HENSOLDT as “Hidden Champion” in Semiconductor Production

The Dutch Group ASML is one of the world’s leading equipment suppliers to semiconductor producers and is currently Europe’s most highly valued tech company. ASML is the only company to master so-called EUV lithography. In this process, semiconductors are exposed to “extreme ultraviolet light” (EUV).

This is made possible by innovative sensor technology from HENSOLDT. Since 2012, a process has been developed and mass-produced in Oberkochen without which a modern EUV system could not function: Under the name Final Focus Metrology (FFM), this technology ensures that the laser needed to generate the extreme ultraviolet light is controlled with the highest precision. Optoelectronically, each laser shot is guided unerringly into the target. Up to 50,000 times per second.

For ten years now, HENSOLDT and ASML have been working together on the (further) development of this technology.
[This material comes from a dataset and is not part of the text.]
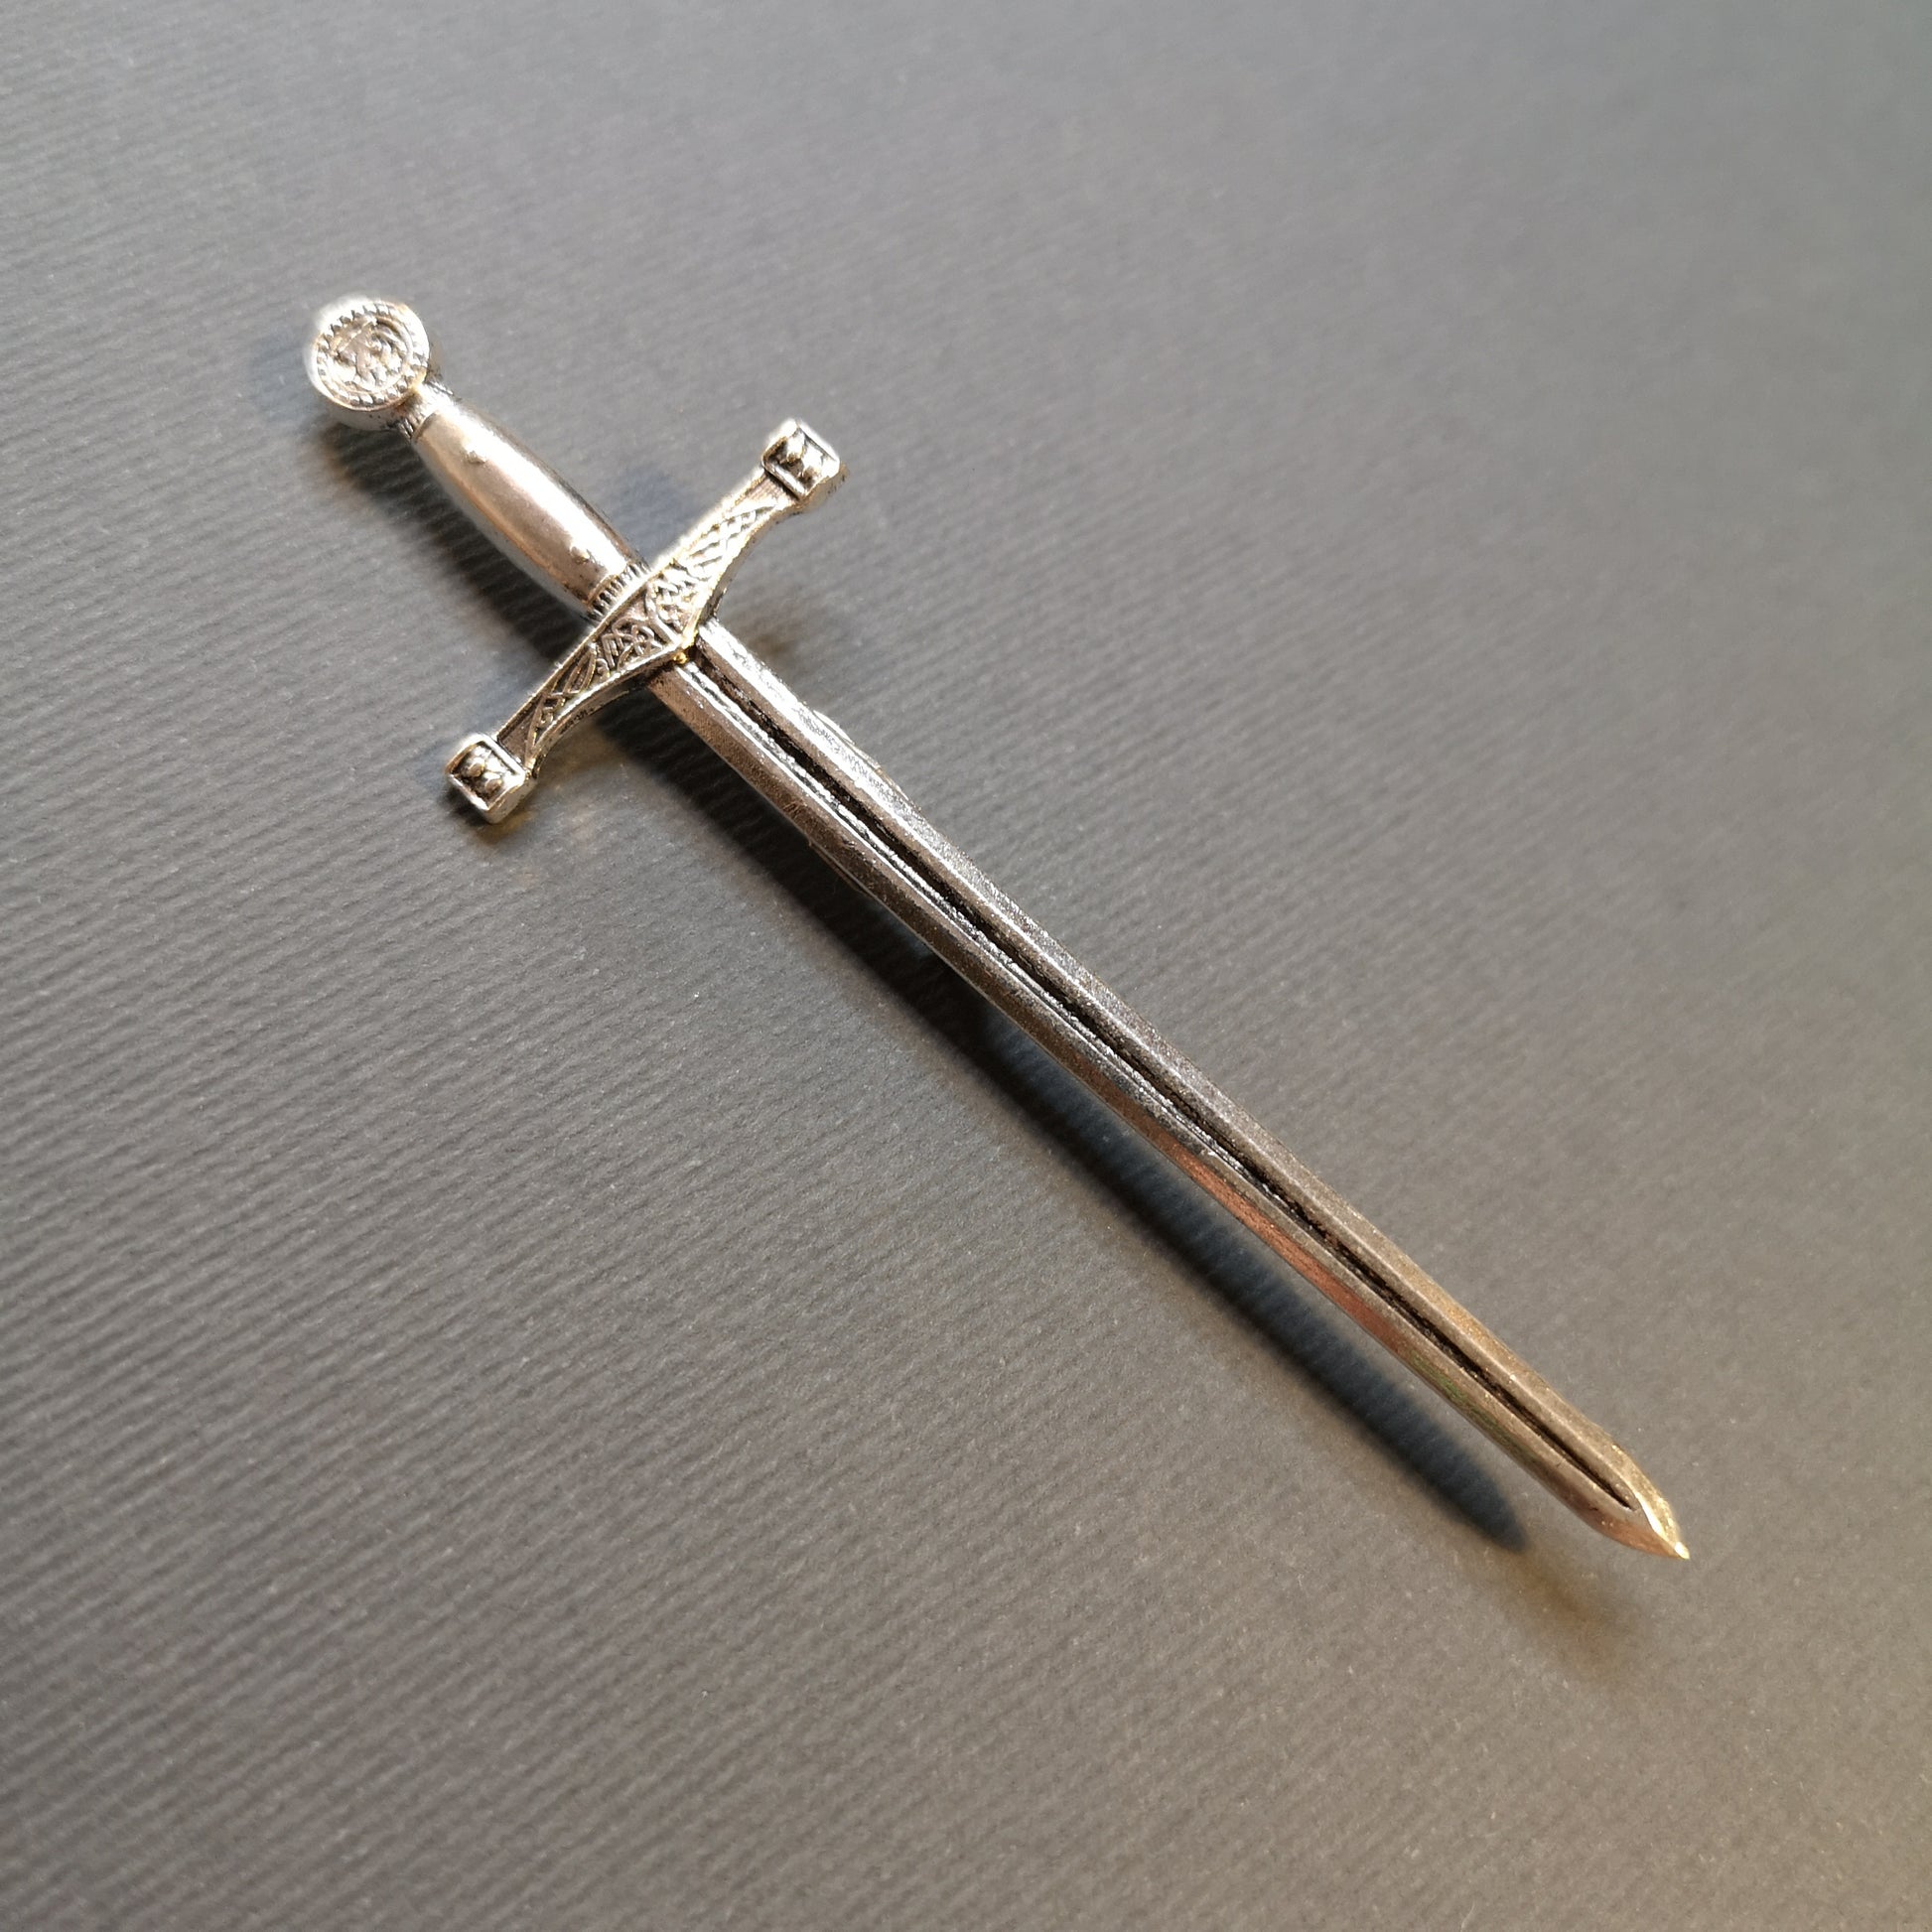 Excalibur sword brooch - The French Witch shop

In 2022 alone, HENSOLDT delivered more than 80 FFM units to ASML. In total, more than 300 high-precision measuring devices have already been reliably integrated into the EUV systems within the tight time windows of chip production. For this excellent cooperation, HENSOLDT was awarded the ASML Supplier Recognition Award in the field of logistic handling as the best of more than 700 suppliers by ASML.
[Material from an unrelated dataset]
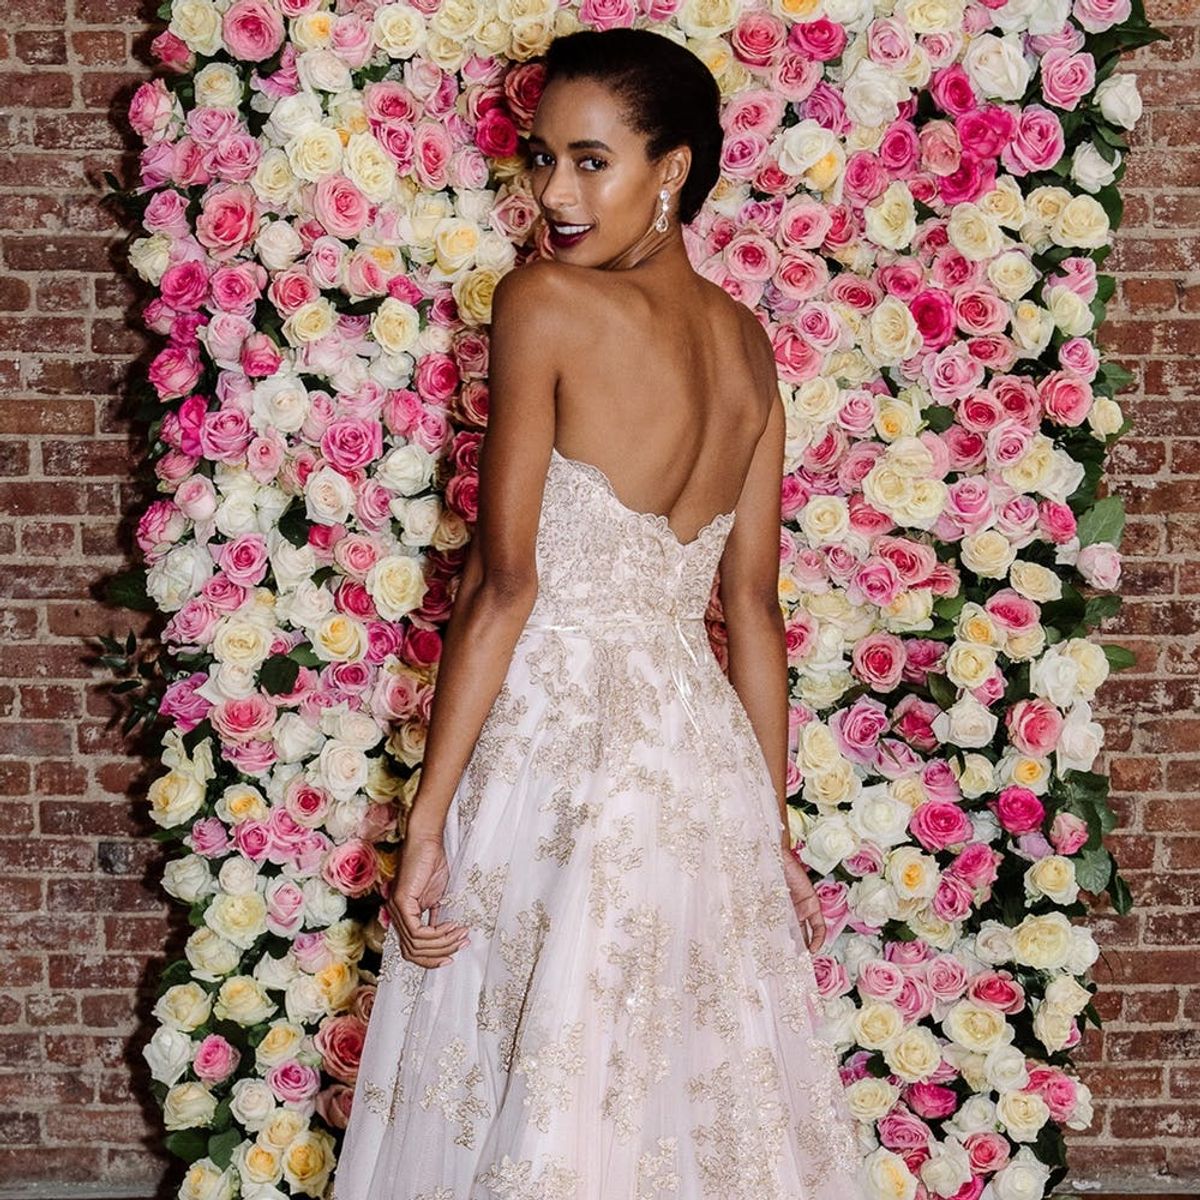 The Newest Collection from David’s Bridal Offers Some NEXT Level Looks

Due to the increasing demand for chips, ASML has already increased the production of EUV systems by almost 50 percent in the past two years. In the coming years, the Dutch company plans to manufacture significantly more EUV systems – each one worth more than 100 million euros and equipped with an FFM unit from HENSOLDT. Largely unnoticed by the public, HENSOLDT has thus become a “hidden champion” of an important present and future technology – with central importance for many industries and enormous potential.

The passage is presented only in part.